Lilley has danced so much she’s worn out a patch of grass in front of the plaza.

A Sarasota native and graduate of Sarasota High School, Lilley always wanted to be a clown.

As a child she worshipped Bozo.

When she was 5 years old, she drove with her parents to Boston to appear on “Bozo’s Circus,” a television show starring her idol, Frank Avruch.

“He was approachable,” Lilley says of Avruch’s Bozo. “He had a simple outfit and simple makeup. That’s important. You never want to look too good.”

Approachability is why Lilley keeps Blossom’s hair, makeup and clothes disheveled. It’s also why when people ask her how long it takes her to get into character, she tells them five minutes, followed by: “It gets easier as you get older. You just follow the lines in your face.”

Some clowns adhere strictly to pantomime. The quick-witted Lilley has never been that kind of clown.

After high school, she studied journalism at the University of South Florida before auditioning for the Ringling Bros. and Barnum & Bailey Clown College, in Venice.

She was rejected, however, for having a puppet.

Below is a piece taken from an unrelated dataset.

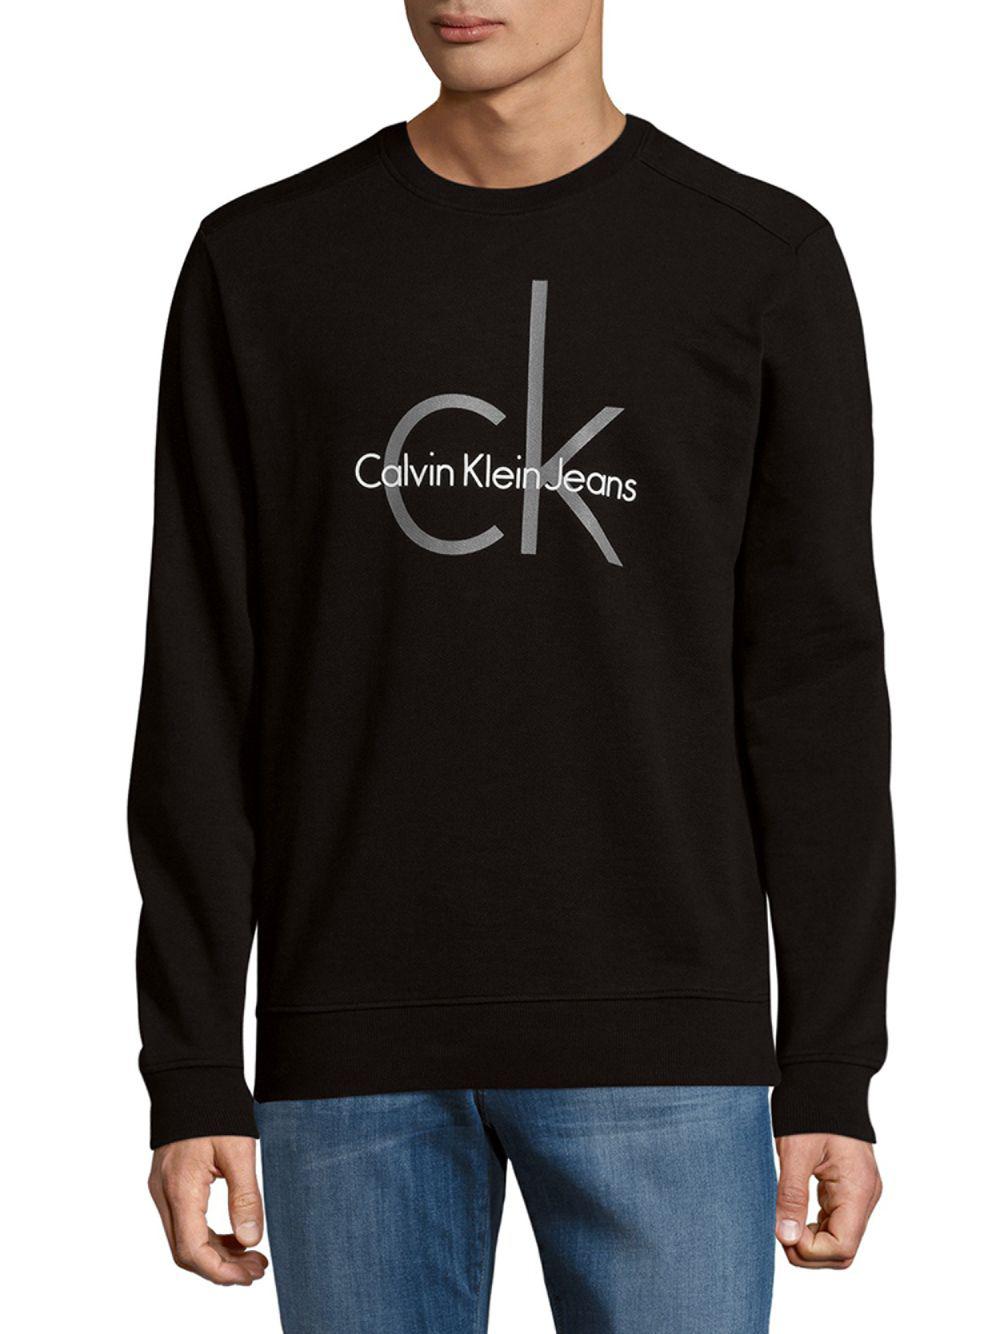 Calvin Klein Crew Neck Top Sellers, UP TO 68% OFF | www.loop-cn.com
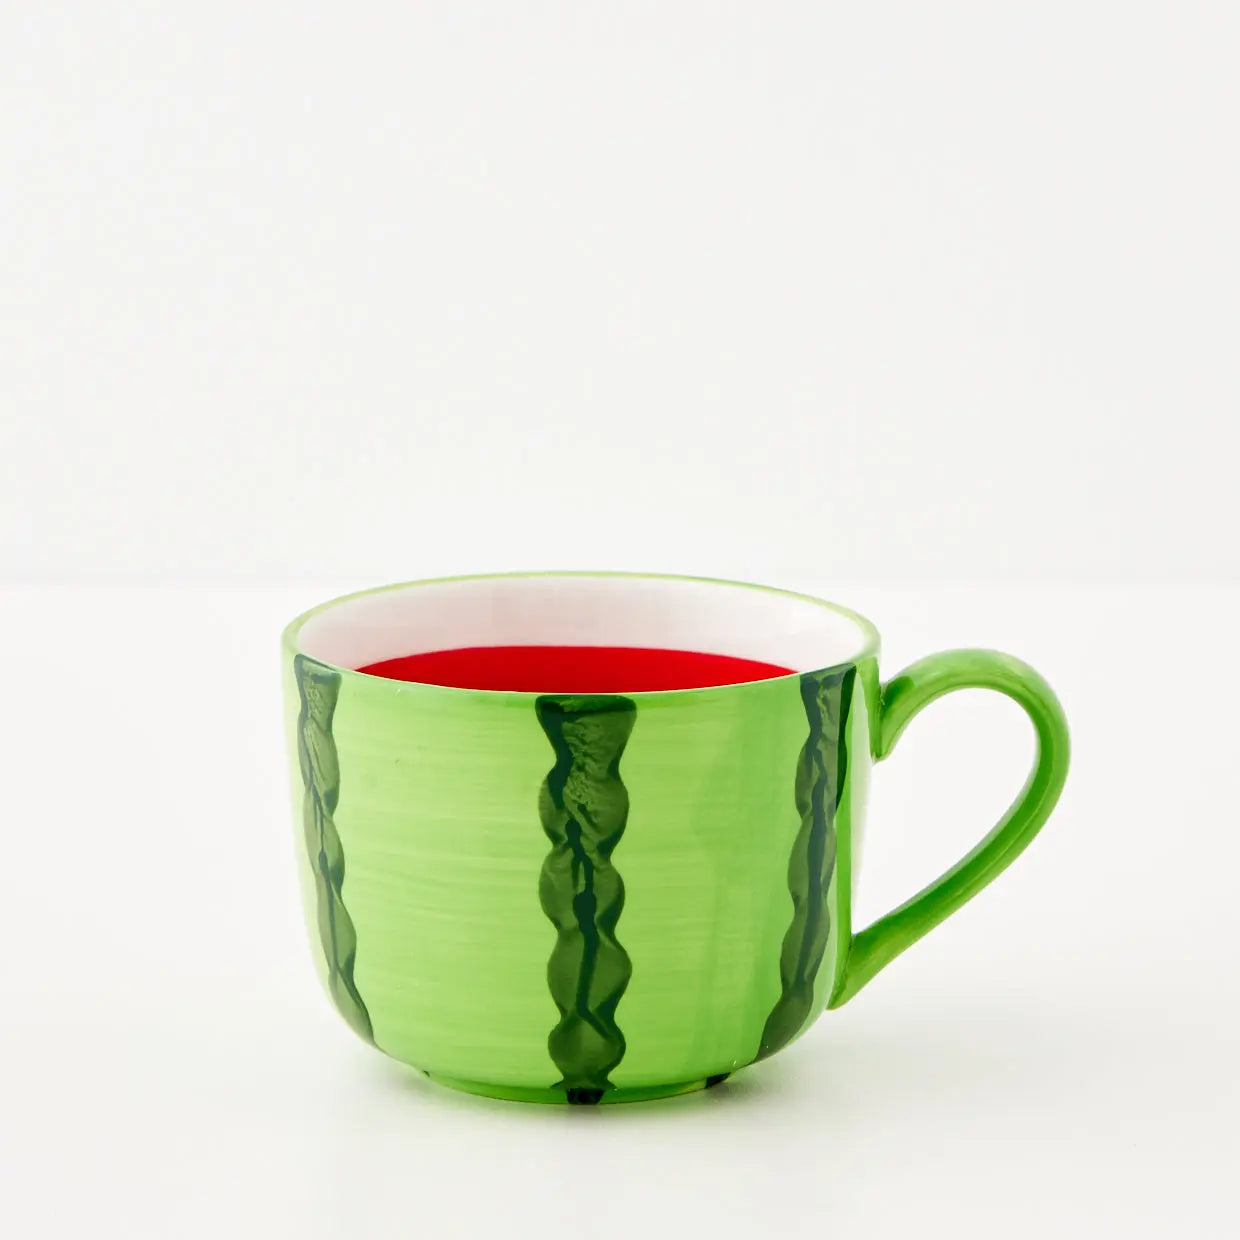 Watermelon Ceramic Mug Red - GigiandTom

“They didn’t do puppets in those days,” Lilley says. “But I went down to that circus tent and I tried. Boy, did I try.”

She raised six children as a single mother, working a variety of odd jobs, the oddest of which was, of course, clowning.

She invented Blossom in the late 1970s as a creative way to make extra cash.

Her first gigs were at the Brown Derby Restaurant on the corner of Siesta Drive and Tamiami Trail; there she worked as a waitress by day, clown by night.

In an outfit not unlike the one she wears today, Lilley would plod around the diner pulling site gags on customers.

Her favorite was an old trick she picked up from comedian Joan Rivers. She would tuck a long strip of toilet paper into the back of her shoe and walk around the restaurant like she didn’t know it was there.

“Anything to make ’em laugh,” she says recalling the memory. “Those were the glory days — before kids were afraid of clowns.”

When she says this, a dark cloud seems to hover over her otherwise sunny disposition.

If there’s one thing Lilley can’t stomach, it’s rampant clown phobia, which she blames on movies such as Stephen King’s “It.”

“These days, kids are taught to fear clowns,” she sighs. “But not all of us are bad. Most of us are good. It’s sort of like pit bulls. You get one bad one, and it ruins it for the whole lot.”

CLOWN QUIPS
On her makeup

“You never want it to look perfect. It’s like quilt-making. It’s bad luck to make a perfect quilt.”

On dancing with arthritis
“My doctor says if it doesn’t hurt the next day, you’re doing fine. So far, I’m doing fine.”

On not scaring kids
“It takes a certain knack. You gotta get down to their level and work your way up slowly.”

On carrying a puppet
“I was doing a telethon years ago, and this famous actress walked by stinking like perfume, and Grover, my old puppet, started sneezing. A puppet can get away with things a person can’t.”